Instruments d’époque, versions rares et primitives… Alexis Kossenko renouvelle l’horizon des Symphonies nos 4 et 5 de Mendelssohn.

Felix Mendelssohn
Symphonies n° 4 « Italienne »
et n° 5 « Réformation »
Les Ambassadeurs ~ La Grande Écurie, dir. Alexis Kossenko
Aparté AP315
La version révisée (1834) de la Symphonie « Italienne » n’a été publiée qu’en 1997. John Eliot Gardiner l’enregistrait dans la foulée avec le Philharmonique de Vienne pour Deutsche Grammophon. En 2021, c’est au tour de Riccardo Chailly d’y imprimer son empreinte à la tête de sa phalange scaligère (Decca).
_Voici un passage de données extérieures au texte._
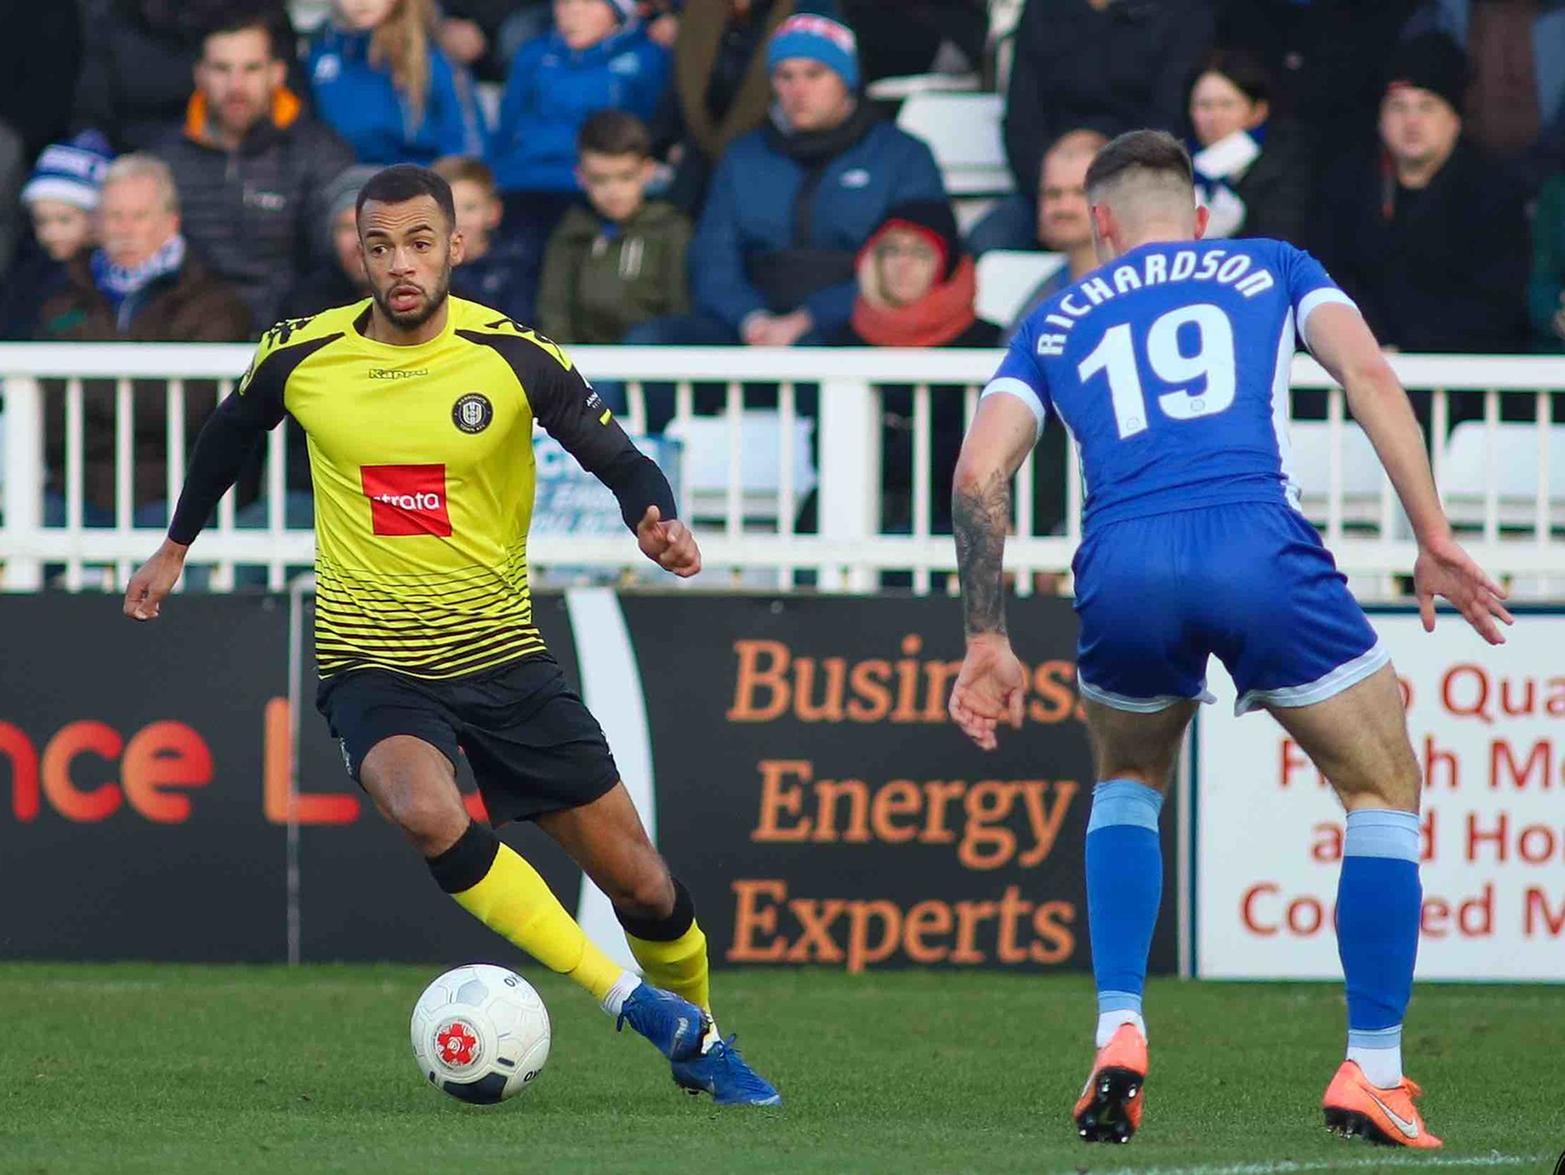 Warren Burrell 8. Another solid showing out of position at left-back. Committed, disciplined and only denied what looked a certain goal by Gary Liddle's excellent first-half block.

À rebours de la plupart des compositeurs, dont les révisions vont dans le sens d’un certain resserrement et élagage, Mendelssohn nourrit davantage la matière musicale, adornant le contour mélodique et l’harmonie de détails subtils.
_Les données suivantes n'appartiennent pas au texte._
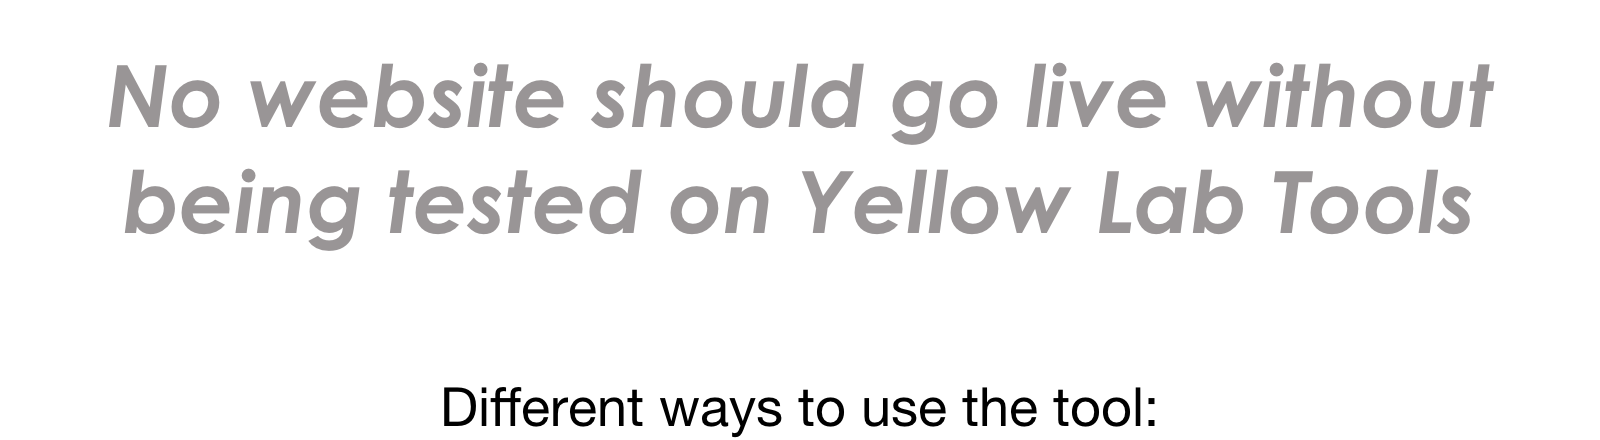 No website should go live without being tested with Yellow Lab Tools

L’enregistrement d’Alexis Kossenko est donc le premier à faire entendre des instruments d’époque. S’ils n’ont pas le velours des Viennois, les musiciens des Ambassadeurs ~ La Grande Écurie n’en présentent pas moins un remarquable équilibre des pupitres, avec des timbales finement intégrées, jamais prises en défaut de pétarade. Pour segmentés qu’ils soient en accord avec l’articulation et le raccourcissement des coups d’archet, les phrasés progressent avec fluidité et surtout respirent, libérés de tout legato collant. Et la dramaturgie de se greffer par surcroît, comme le thème de marche du premier mouvement, où le calibrage des silences instille une manière d’inquiétude. Les modifications apportées surprennent certes l’oreille conditionnée par la version d’origine, mais on se laisse séduire. Et quel Saltarello !
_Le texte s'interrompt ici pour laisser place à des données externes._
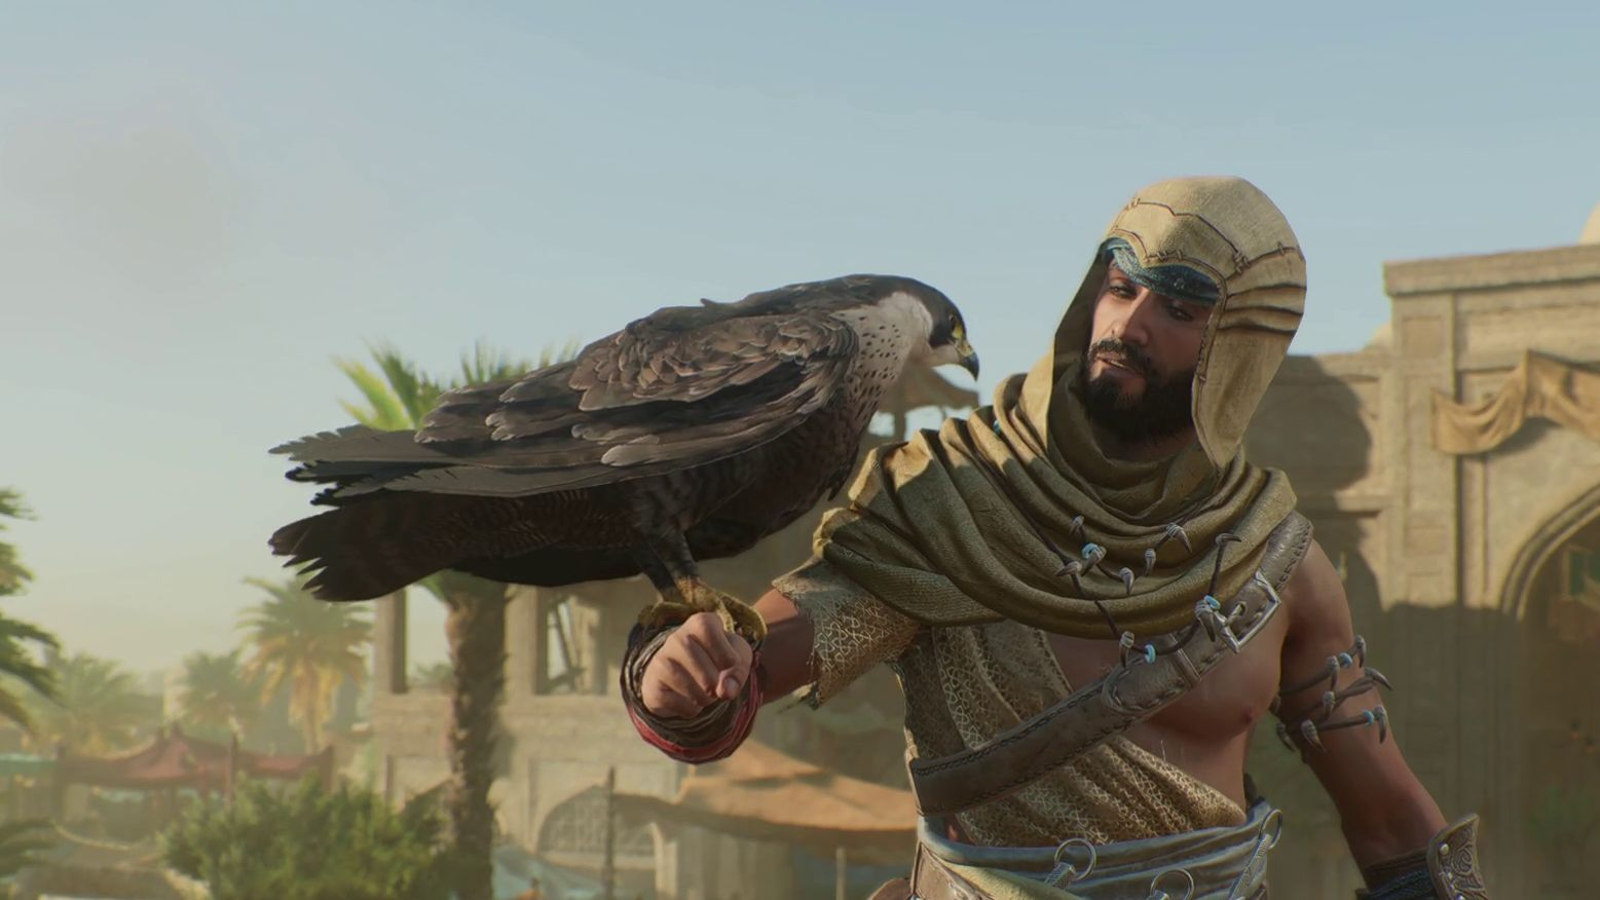 Assassin's Creed Mirage launch brings 18% player rise across AC

Alexis Kossenko entretient un rapport encore plus personnel avec la Symphonie « Réformation », qu’il enregistra en qualité de premier flûtiste de La Chambre Philharmonique aux côtés d’Emmanuel Krivine (Naïve, 2006). Désormais sur l’estrade, par souci d’authenticité (partie d’ophicléide rétablie à la hauteur réelle), il nous propose la version originale de 1829 – fruit d’un compositeur de 20 ans ! – qui inclut ce court et magnifique mouvement intermédiaire entre l’Andante et le Choral : un récitatif pour flûte, bientôt rejoint par d’autres instruments de la petite harmonie sur des pizzicatos songeurs des cordes. On retiendra aussi le bel effet de spatialisation des cors dans le premier mouvement et, dans le final, une volonté délibérée de conjurer toute enflure postromantique : en cela, le fameux « Amen de Dresde » annonce moins Parsifal qu’il ne s’inscrit dans la descendance des grands musiciens baroques allemands – Schütz et Bach au premier chef ; ce n’est pas le moindre mérite de cette interprétation que de renouveler ainsi la perspective.